Photo: James Bombales
7. Consider a wide-angle lens for your camera phone
A wide-angle lens allows you to capture a large space like a great room or kitchen without having to pan and also makes smaller rooms feel more spacious. If you have a newer Android or iPhone, you already have a great wide-angle lens built-in — just make sure you know how to zoom out properly.
For older smartphones or those who want to be a little more creative with their shots, clip-on lens kits are readily available online. These usually come with a variety of lenses including wide-angle, fisheye and telephoto. But as is the case with DSLR cameras, not all lenses are created equal. Poor quality glass can distort the image, so make sure you choose a reliable brand. Olloclip and Moment are household names in smartphone photography and although they’re a bit pricier, they offer better quality visuals, durability and are compatible with multiple smartphones.
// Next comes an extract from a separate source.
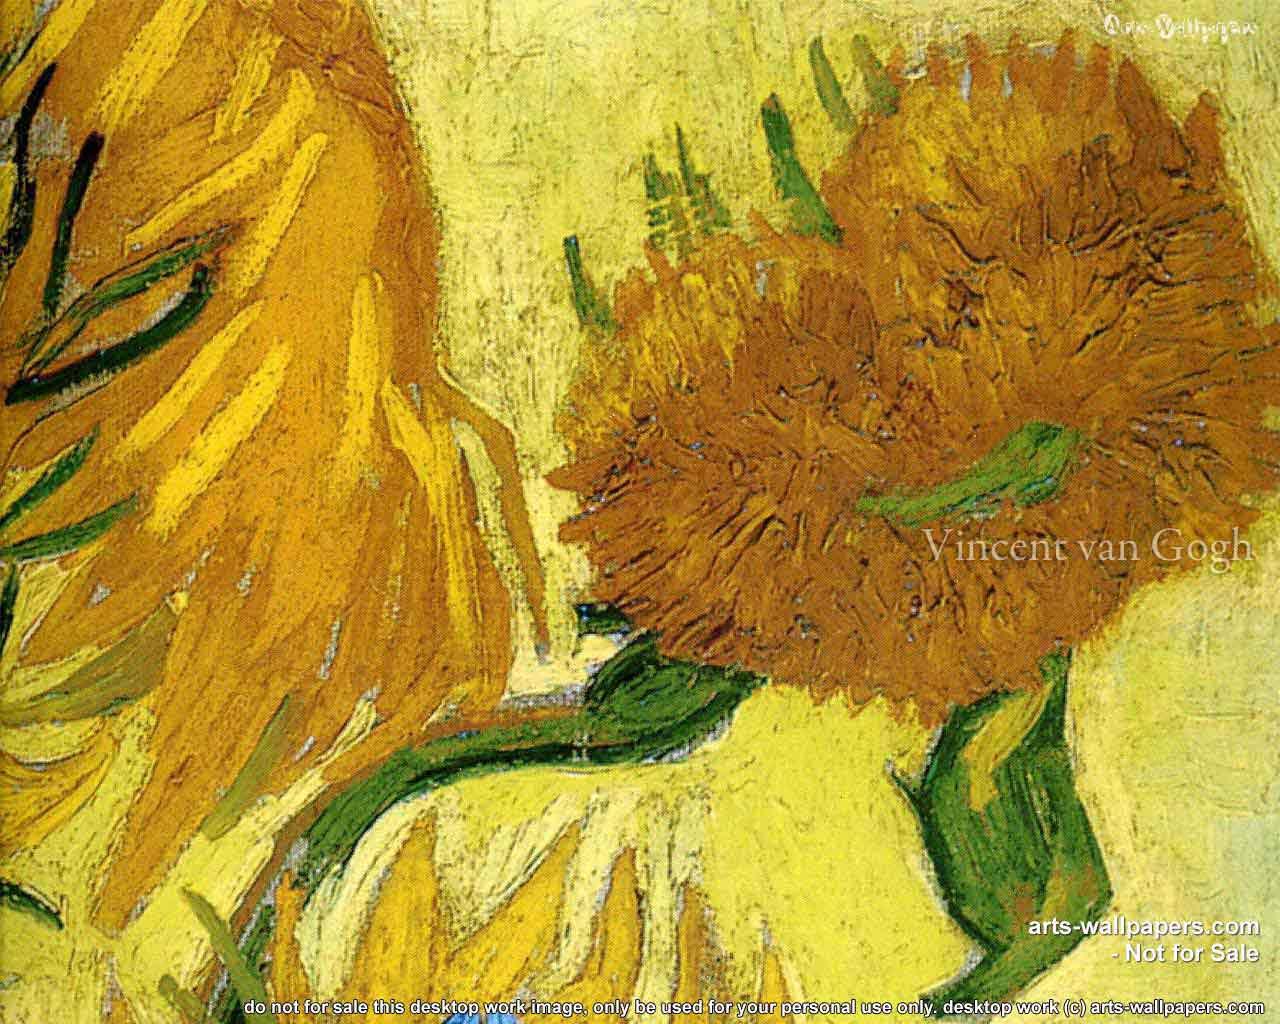 Download Vincent Van Gogh Wallpapers Cacheddownload Desktop

Photo: James Bombales, design by Karin Bennett Designs
8. Get creative with composition and close-ups
Wide-angle lenses are great for showcasing entire rooms, but when you’re selling a home, you also want to emphasize the design details, like a gooseneck faucet or cabinet hardware. Flex your creative muscles by applying the rule of thirds to your shots or experimenting with soft focus. Capture a mix of wide shots, pans and close-ups to make your video more dynamic and exciting.
9. Download the FiLMiC Pro app for iOS and Android
FiLMiC Pro is your phone’s built-in camera on steroids. For about $15, you can access DSLR-like settings that allow you to manually change the frame rate and shutter speed, monitor audio levels, lock in focus and exposure, adjust the white balance and much more.
We’re particularly fond of the ability to turn off the stabilization feature the newer iPhones are equipped with. If you’re using a smartphone gimbal, the iPhone OIS (optical image stabilization) will conflict with the stabilization that the gimbal provides, resulting in some Blair Witch Project-inspired camera shaking. Thankfully, FiLMiC Pro takes care of that issue.